A compound discovered and developed by a team of Georgetown Lombardi Comprehensive Cancer Center researchers that halts cancer in animals with Ewing sarcoma and prostate cancer appears to work against some forms of leukemia, too. The team's latest work, with Austrian colleagues and including this leukemia finding, was published online on October 8, 2015 in an open-access article in Oncotarget. The compound is YK-4-279, the first drug targeted at similar chromosomal translocations found in Ewing sarcoma, prostate cancer, and in some forms of leukemia. Translocations occur when two normal genes break off from a chromosome and fuse together in a new location. This fusion can produce new genes that code for proteins, which can then push cancer cells to become more aggressive and spread.
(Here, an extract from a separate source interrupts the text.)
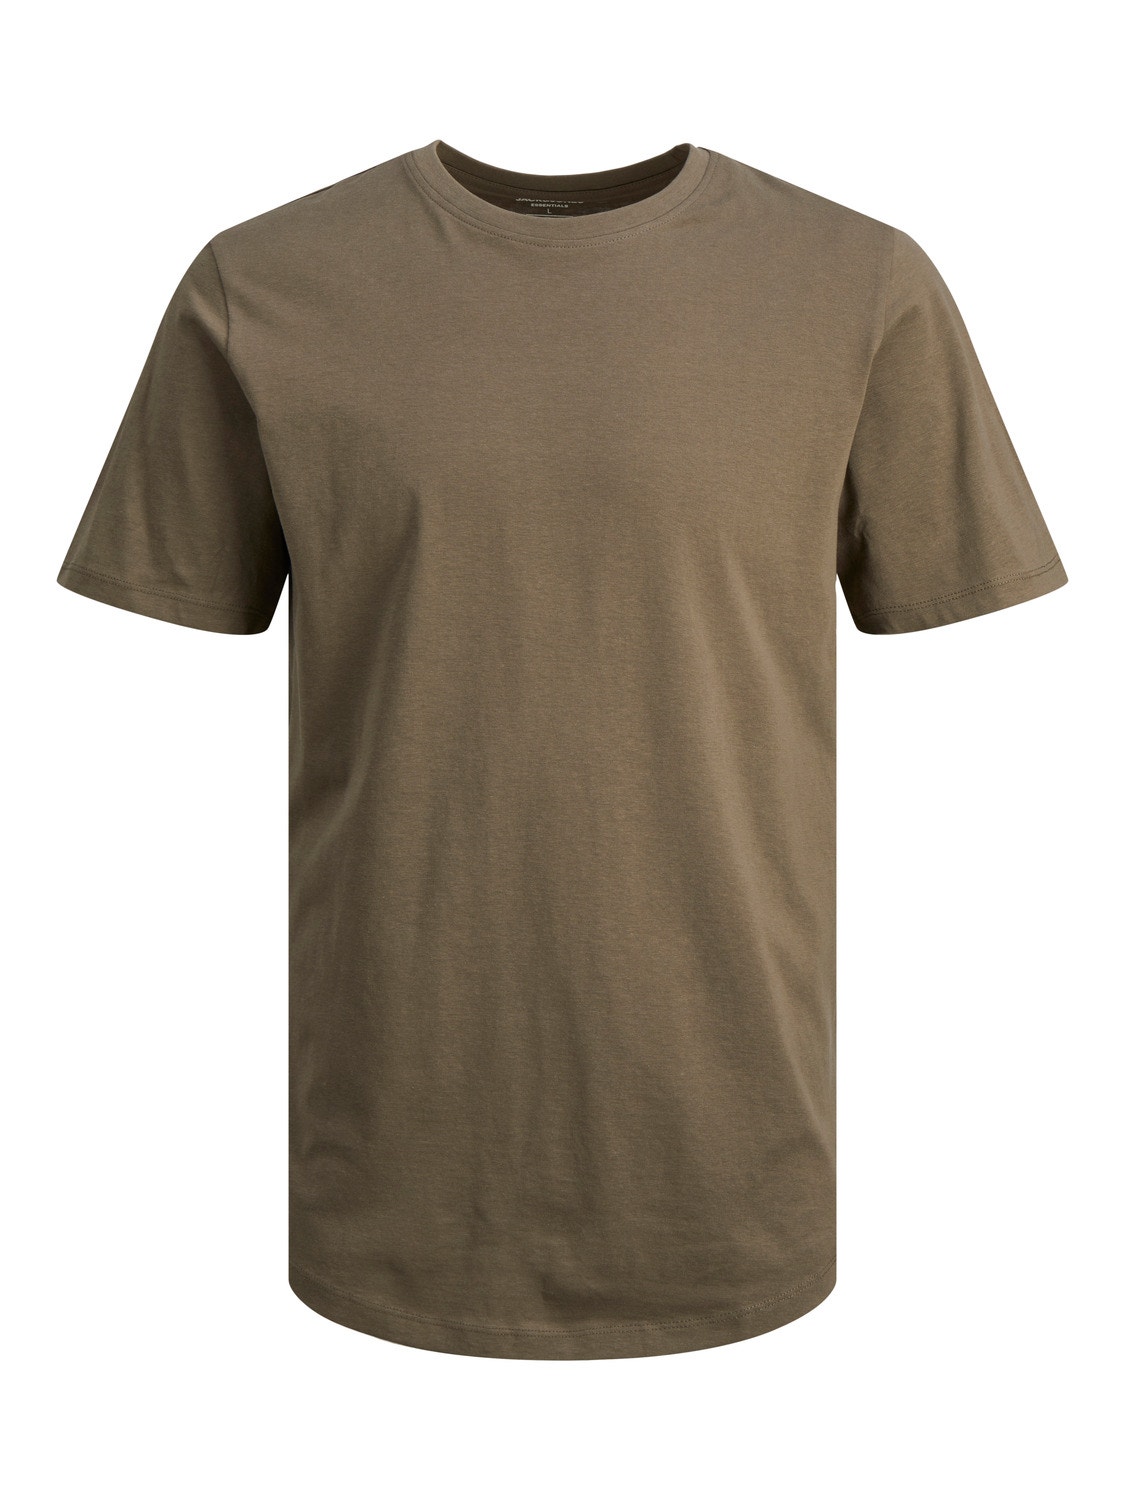 Jack & Jones Plain Crew neck T-shirt -Bungee Cord - 12113648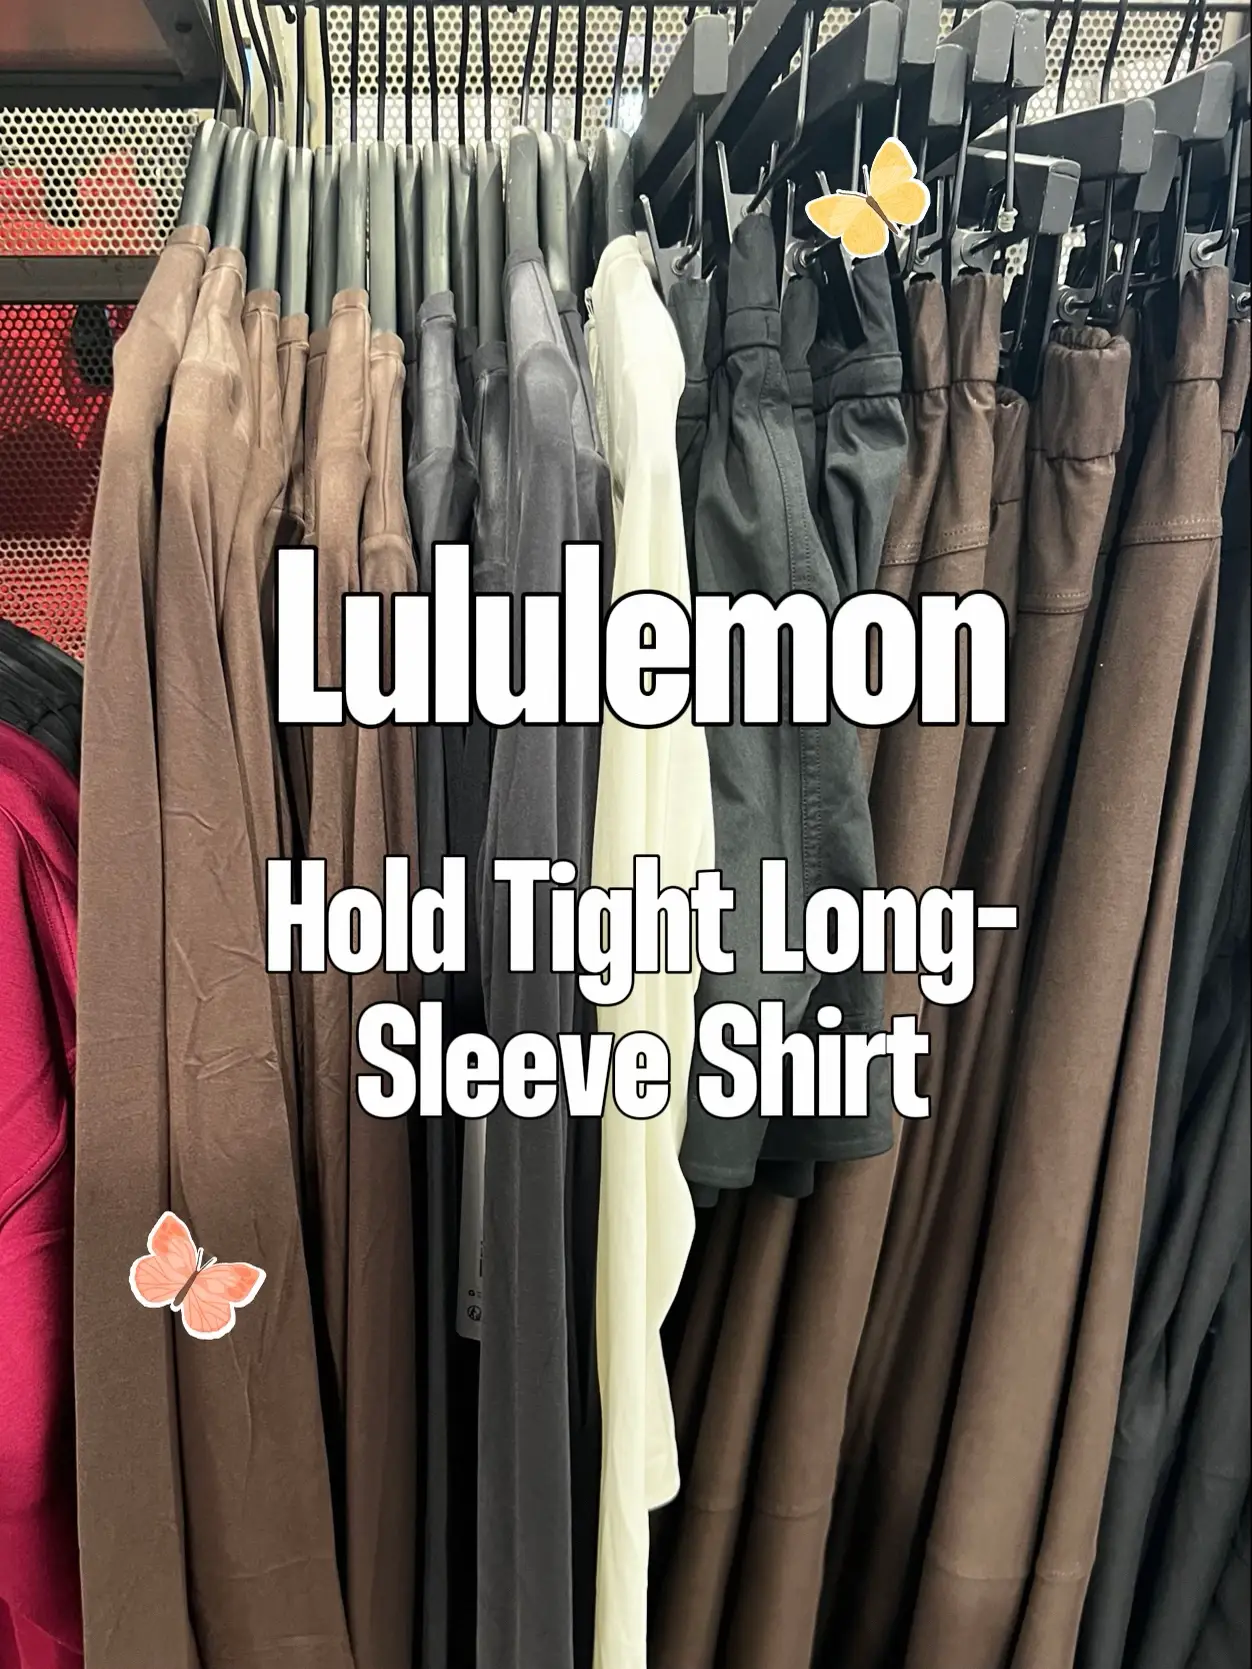 lululemon Women's Hold Tight Long-Sleeve Shirt, Sunlight Yellow Size 8, Compare

One of those proteins is EWS-FLI1. YK-4-279 appears effective in controlling the cancer promoting functions of EWS-FLI1. The Oncotarget article is titled “YK-4-279 Effectively Antagonizes EWS-FLI1 Induced Leukemia in a Transgenic Mouse Model.” "EWS-FLI1 is already known to drive a rare, but deadly, bone cancer called Ewing sarcoma, which occurs predominantly in children, teens, and young adults," says Aykut Üren (photo), M.D., Professor of Molecular Oncology at Georgetown Lombardi. "It also appears to drive cancer cell growth in some prostate cancers." In this new study led by Dr. Üren and colleagues, mice with EWS-FLI1-driven leukemia were given injections of YK-4-279 five days per week for two weeks and compared with untreated mice. By the end of the first week, the mice receiving YK-4-279 had much lower numbers of leukemia cells.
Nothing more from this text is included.